Comments on the proposed rule amendments will be due approximately 60 days following their publication in the Federal Register.
Prohibition on the Use of Brokerage Commissions to Finance Distribution
The Commission proposed an amendment to rule 12b-1 under the Investment Company Act of 1940 that would prohibit open-end investment companies (mutual funds) from directing commissions from their portfolio brokerage transactions to broker-dealers to compensate them for distributing fund shares. The Commission also asked for comment on the need for additional changes to rule 12b-1.
In an increasingly competitive marketplace, one way that fund advisers reward broker-dealers for promoting mutual fund shares is through brokerage commissions. Advisers often either select broker-dealers that sell fund shares to execute fund portfolio transactions, or rely on another broker-dealer to execute the transactions, but direct a portion of the brokerage commission to selling brokers. The conflicts of interest that surround the use of brokerage commissions (which are fund assets) to finance distribution may harm funds and their shareholders in a number of ways, including compromising best execution, causing advisers and brokers to circumvent limits on sales charges, increasing portfolio turnover, concealing distribution costs, and influencing broker-dealers’ recommendations to their customers.

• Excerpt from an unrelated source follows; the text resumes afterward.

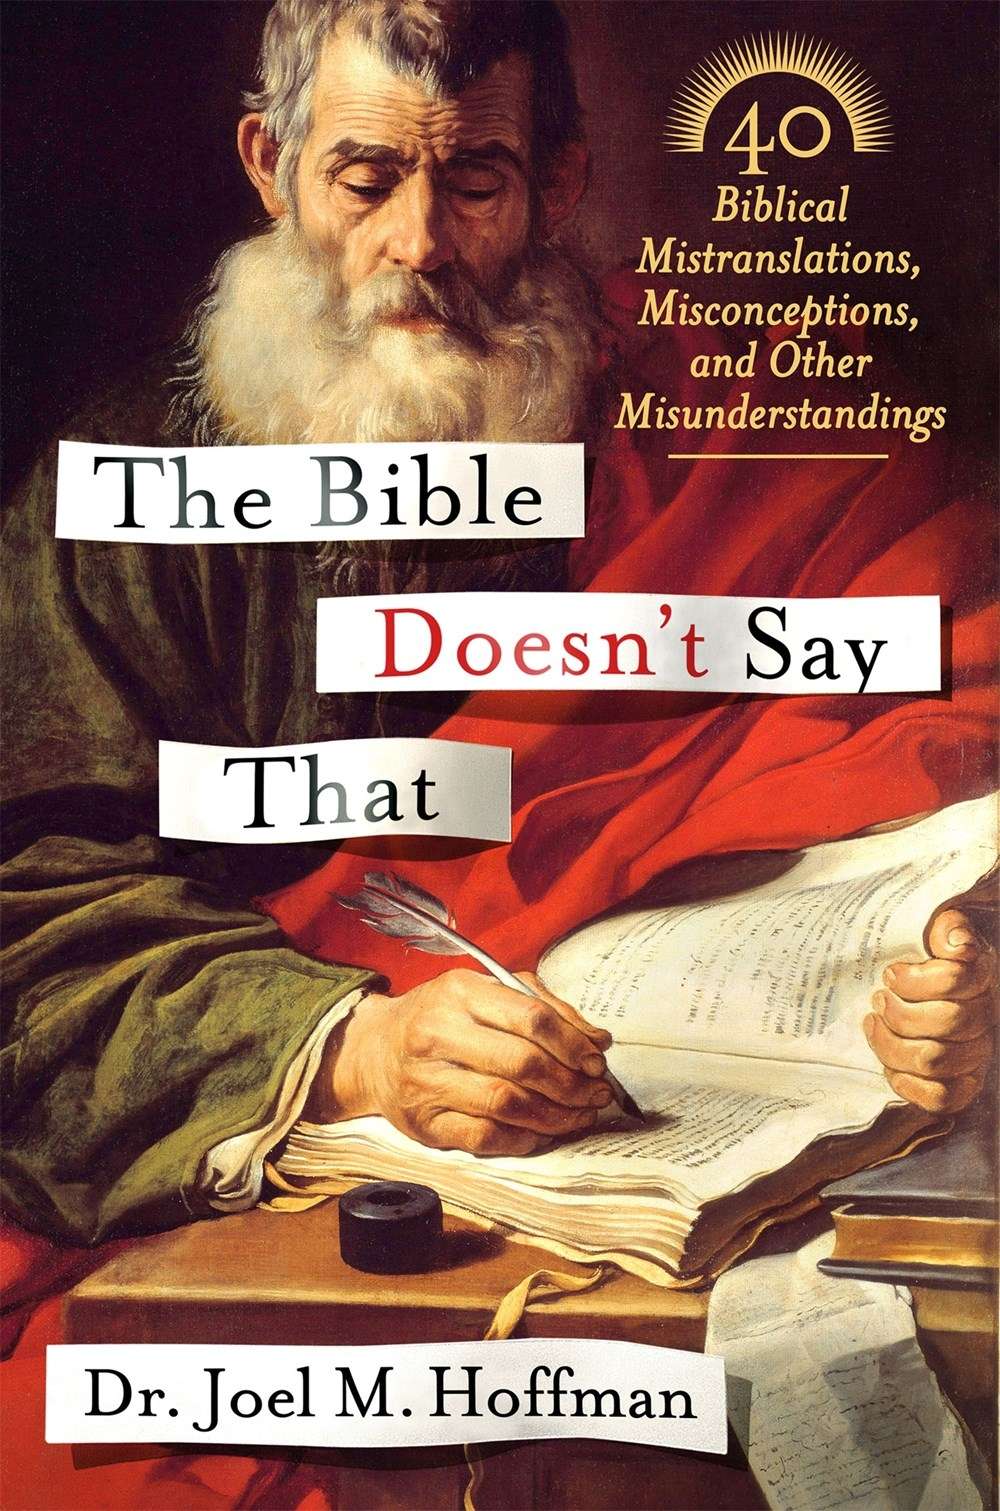 The Bible doesn't Say That

The proposed rule amendment would:
- prohibit funds from compensating a broker-dealer for promoting or selling fund shares by directing brokerage transactions to that broker-dealer;
- prohibit “step-out” and similar arrangements under which a fund directs brokerage commissions to selling brokers that do not execute fund portfolio securities transactions as compensation for selling fund shares; and
- require funds that use a selling broker-dealer to execute portfolio securities transactions to adopt, and the fund’s board of directors (including its independent directors) to approve, policies and procedures reasonably designed to prevent: (i) the persons who select executing broker-dealers from taking into account brokers’ distribution efforts; and (ii) any agreement under which the fund is expected to direct brokerage commissions for distribution.
The Commission also is requesting comment on the need for additional changes to rule 12b-1 to address other issues that have arisen under the rule. One of these issues is the current practice of using 12b-1 fees as a substitute for a sales load. In addition, the Commission is requesting comment on an alternative approach to rule 12b-1 that would require distribution-related costs to be deducted directly from shareholder accounts rather than from fund assets. Finally, the Commission is seeking comment on whether rule 12b-1 continues to serve the purpose for which it was intended, and whether it should be repealed. The comments the Commission receives will determine whether a proposal for further amendments to rule 12b-1 is appropriate.
Comments on the proposed rule amendment and additional request for comment will be due approximately 60 days after the proposed rule is published in the Federal Register.